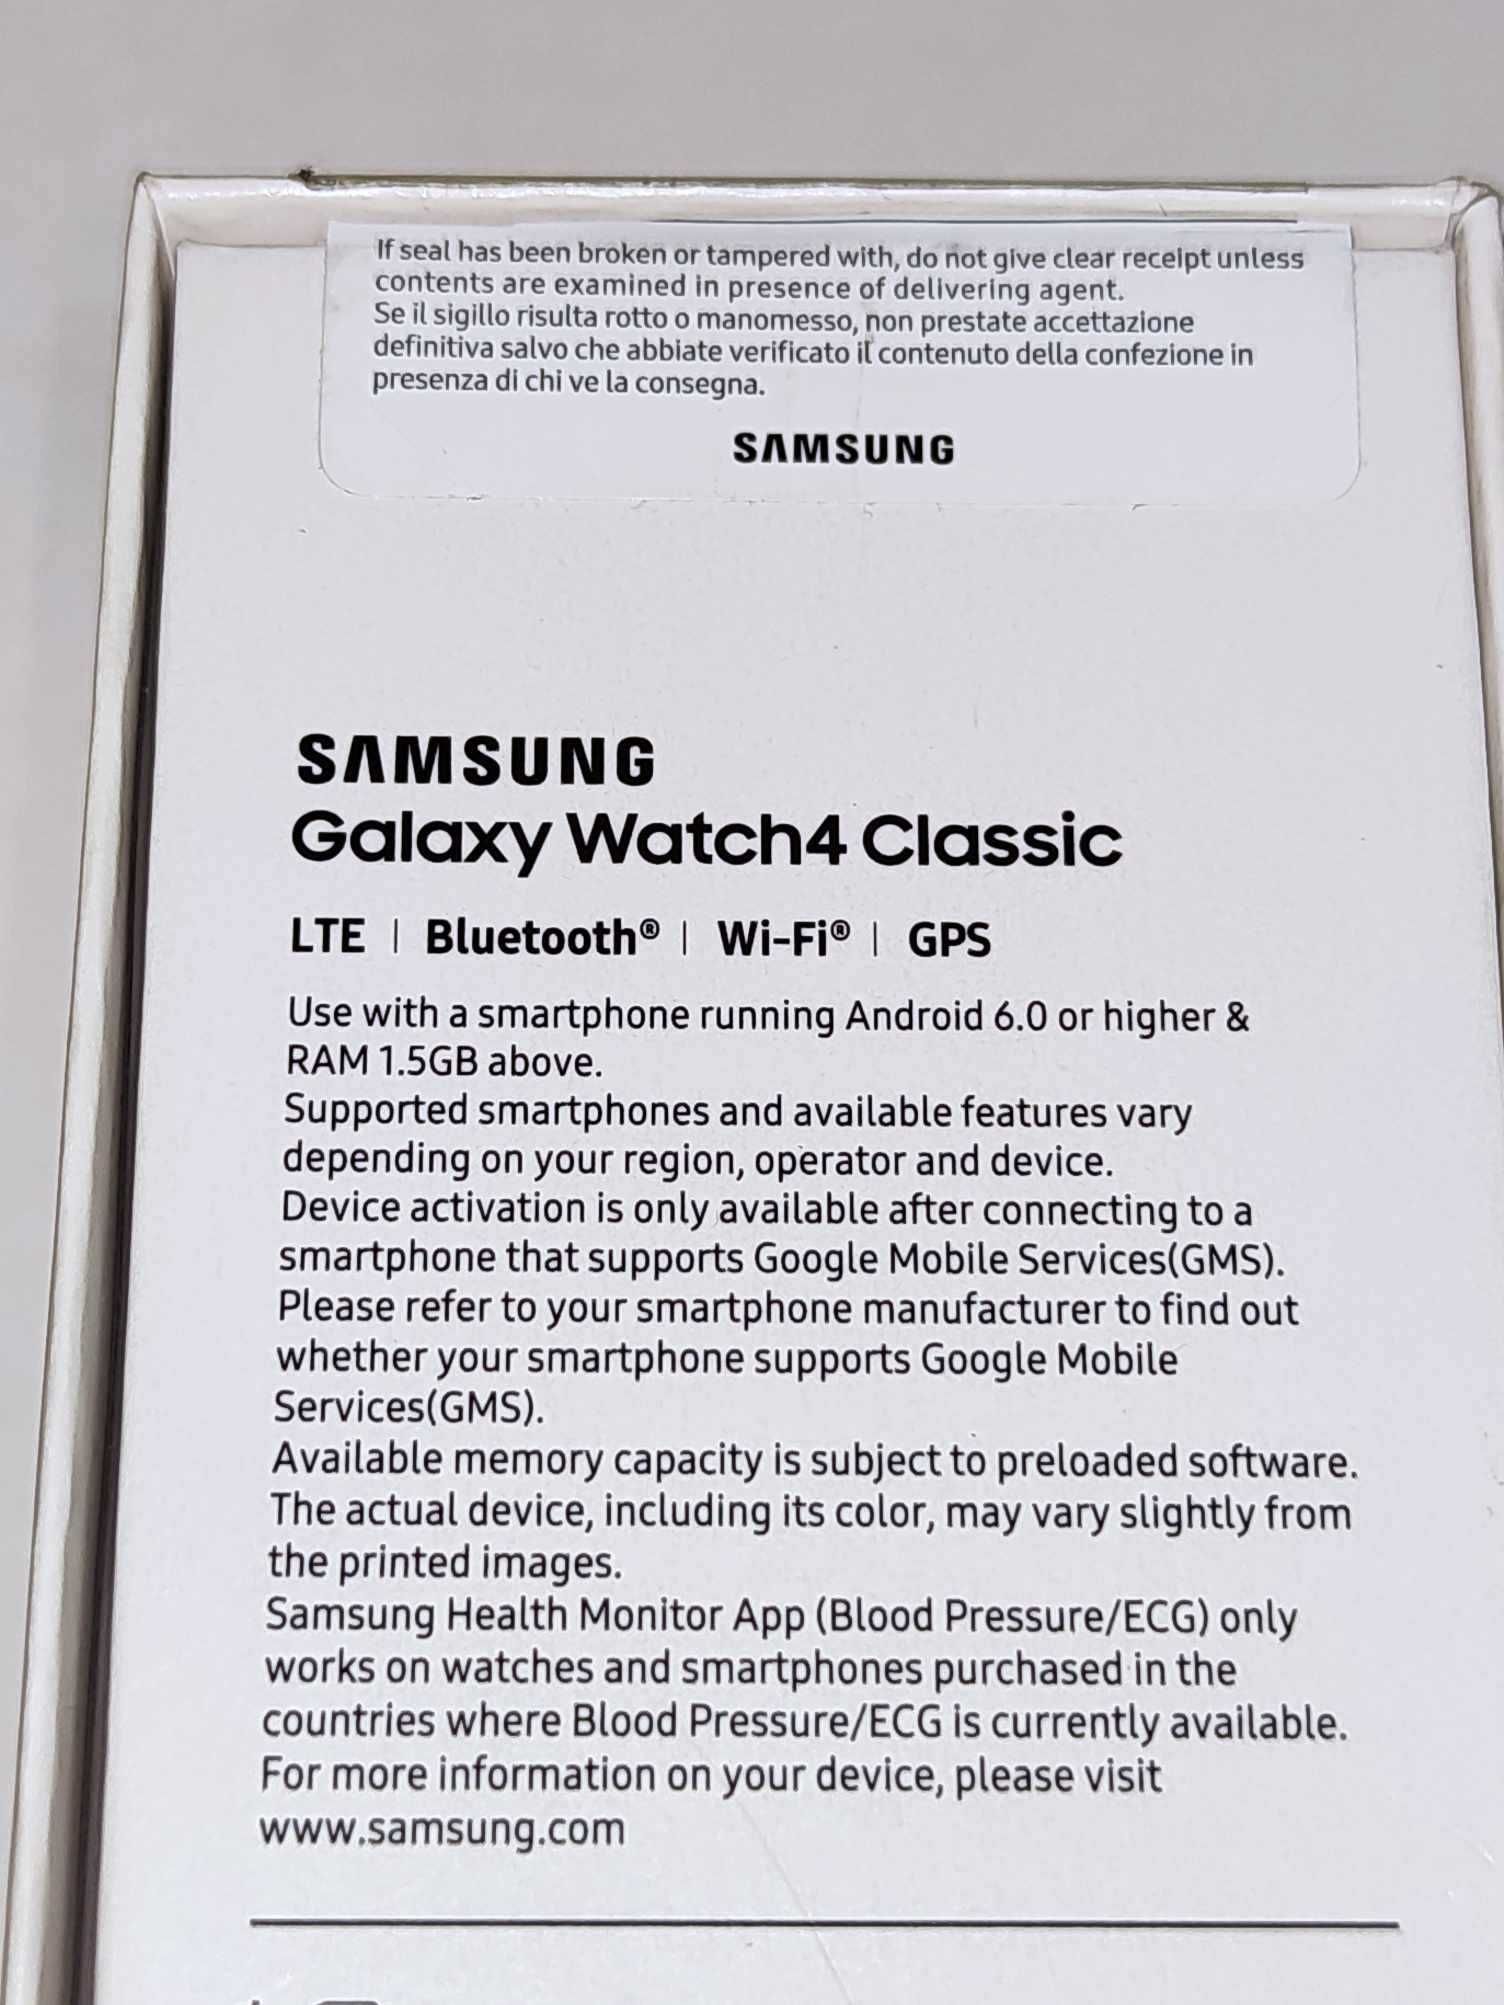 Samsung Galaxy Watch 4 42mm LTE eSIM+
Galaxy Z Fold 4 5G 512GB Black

==

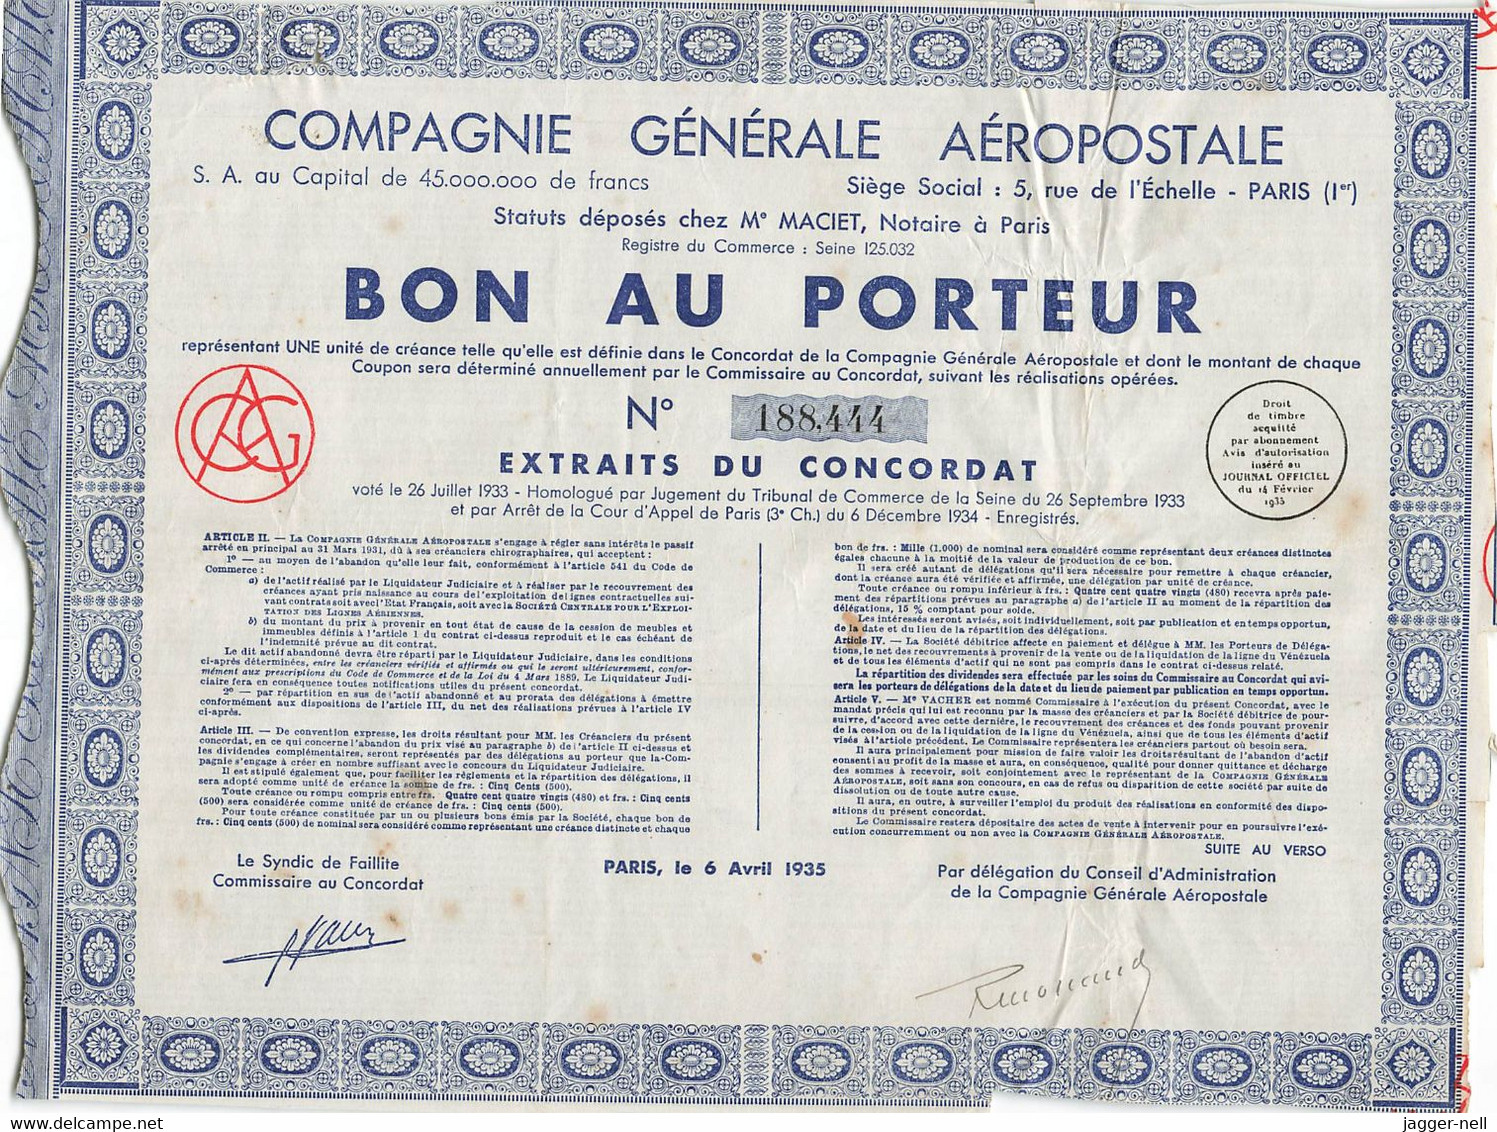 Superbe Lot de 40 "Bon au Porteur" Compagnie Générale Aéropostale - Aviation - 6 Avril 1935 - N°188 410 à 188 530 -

==

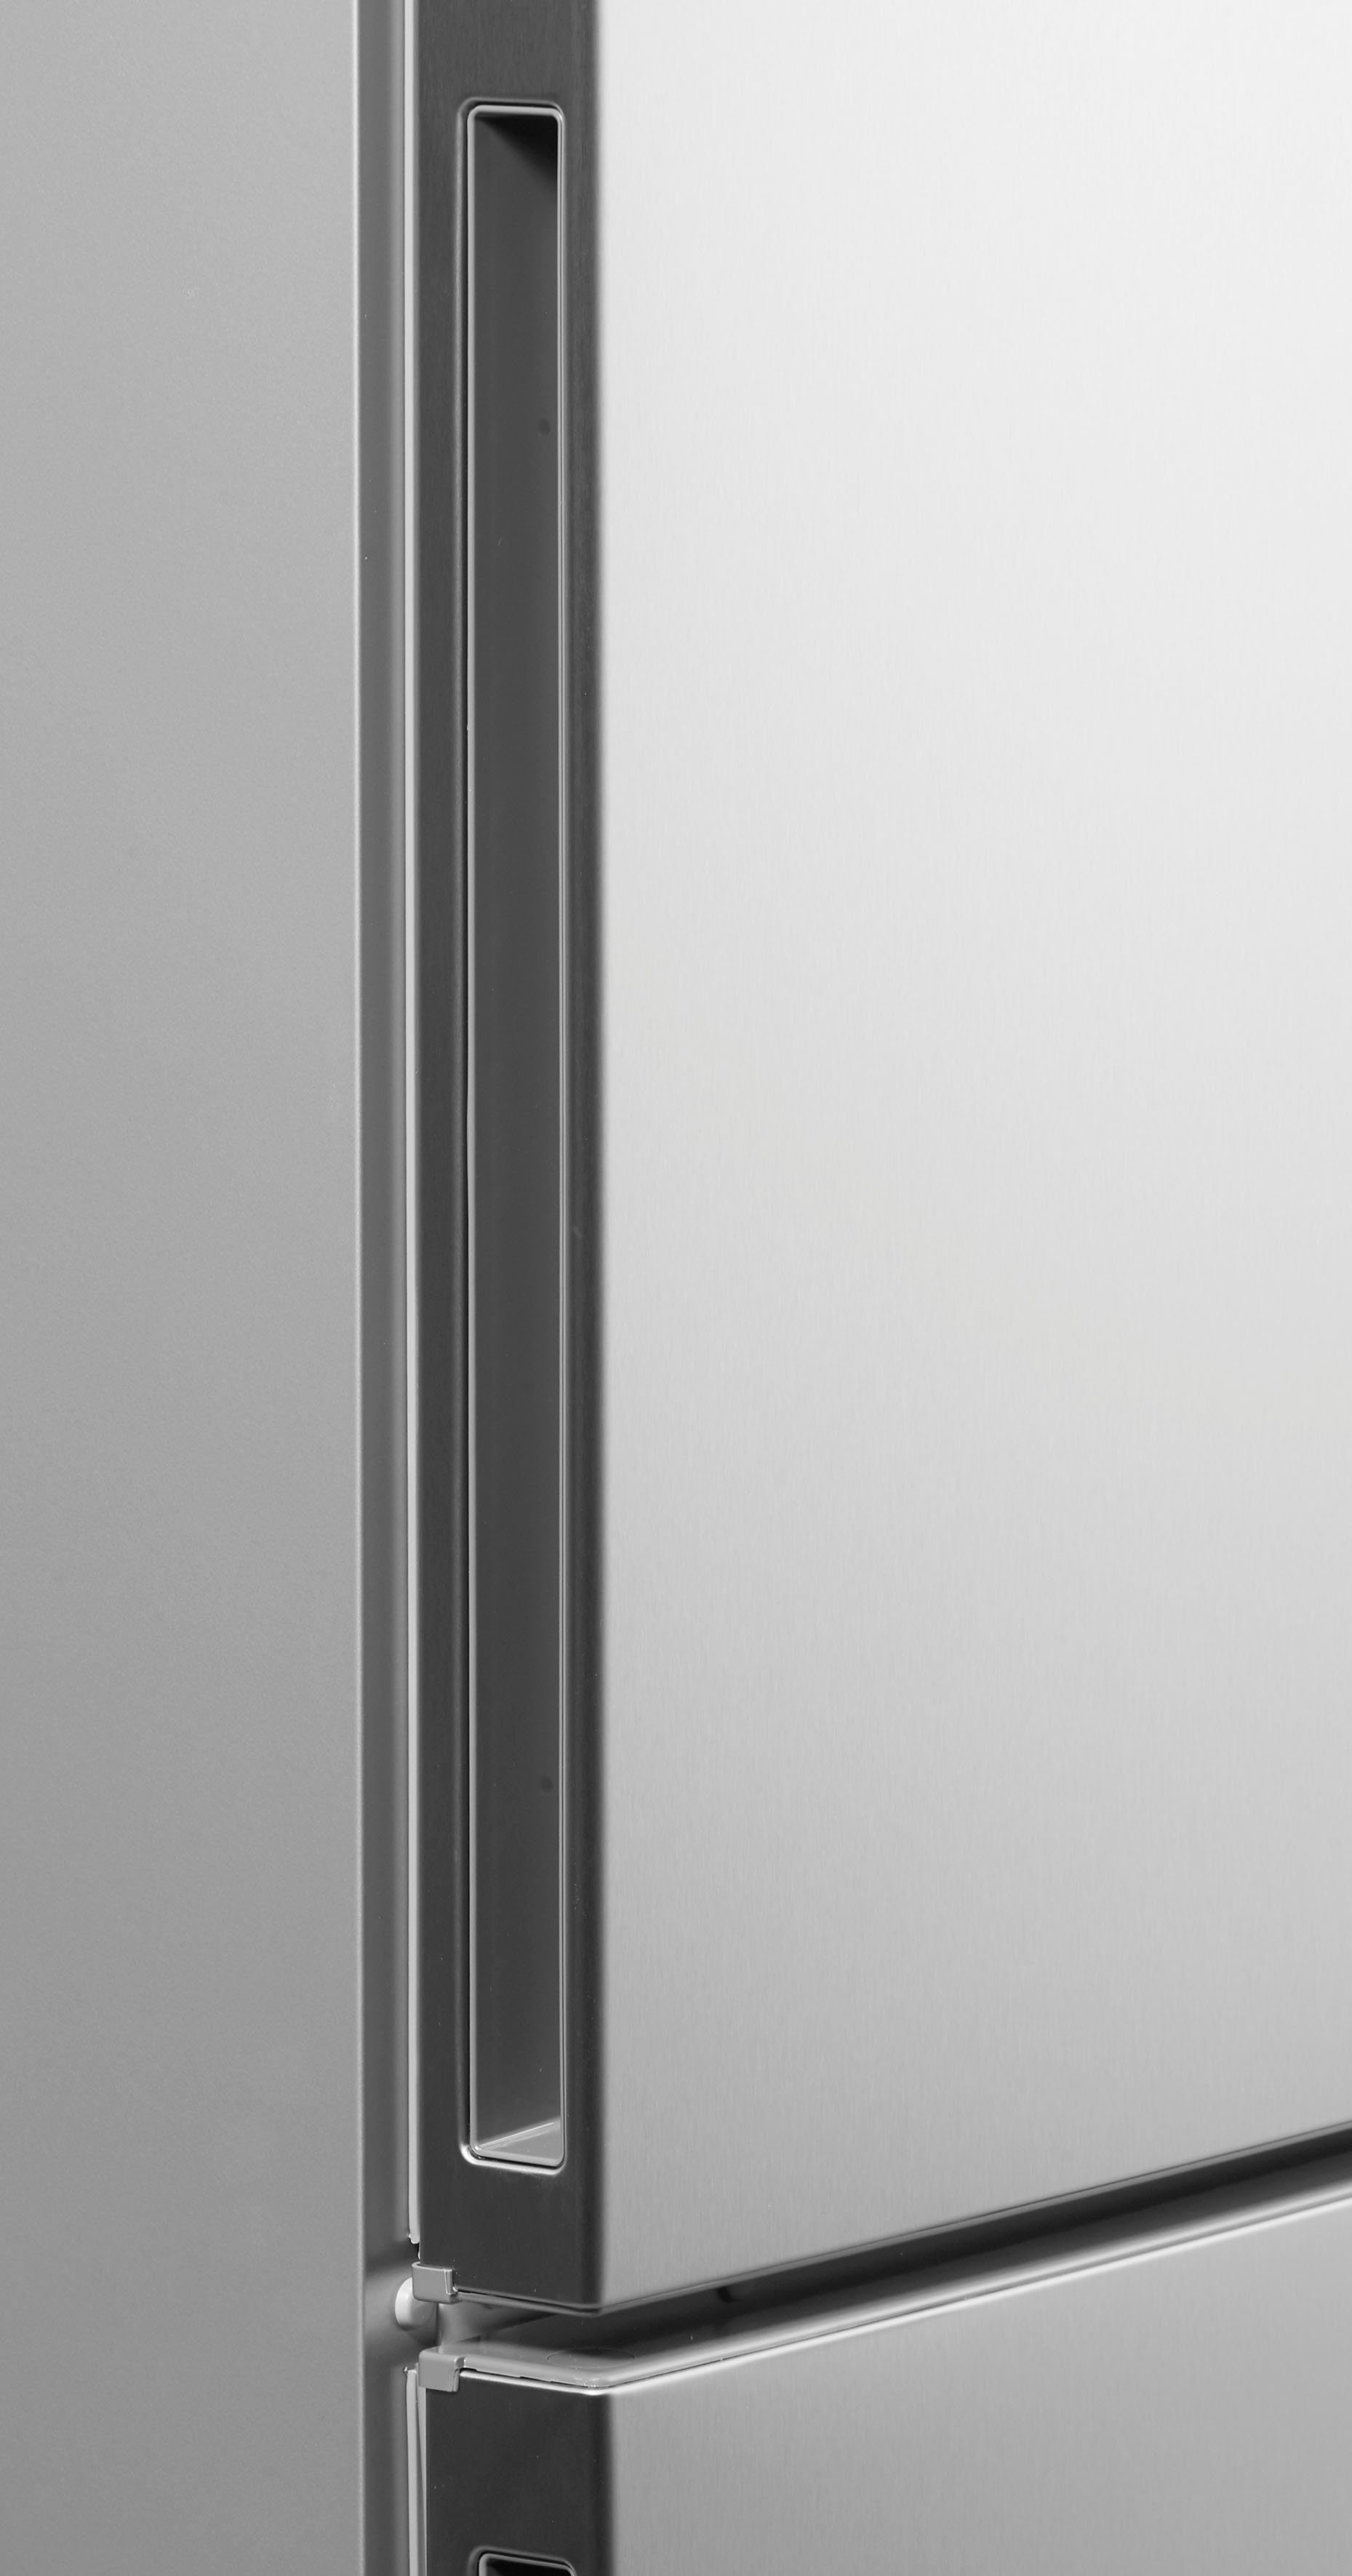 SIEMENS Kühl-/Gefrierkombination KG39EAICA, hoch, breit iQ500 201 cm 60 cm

◆ WORK TASK ◆
Please output the lines above beginning at the line with "Samsung Galaxy Watch 4 42mm LTE eSIM+" and ending after the line with "Galaxy Z Fold 4 5G 512GB Black", precisely as written and with no pictures.

◆ PROBLEM SOLUTION ◆
 Samsung Galaxy Watch 4 42mm LTE eSIM+
Galaxy Z Fold 4 5G 512GB Black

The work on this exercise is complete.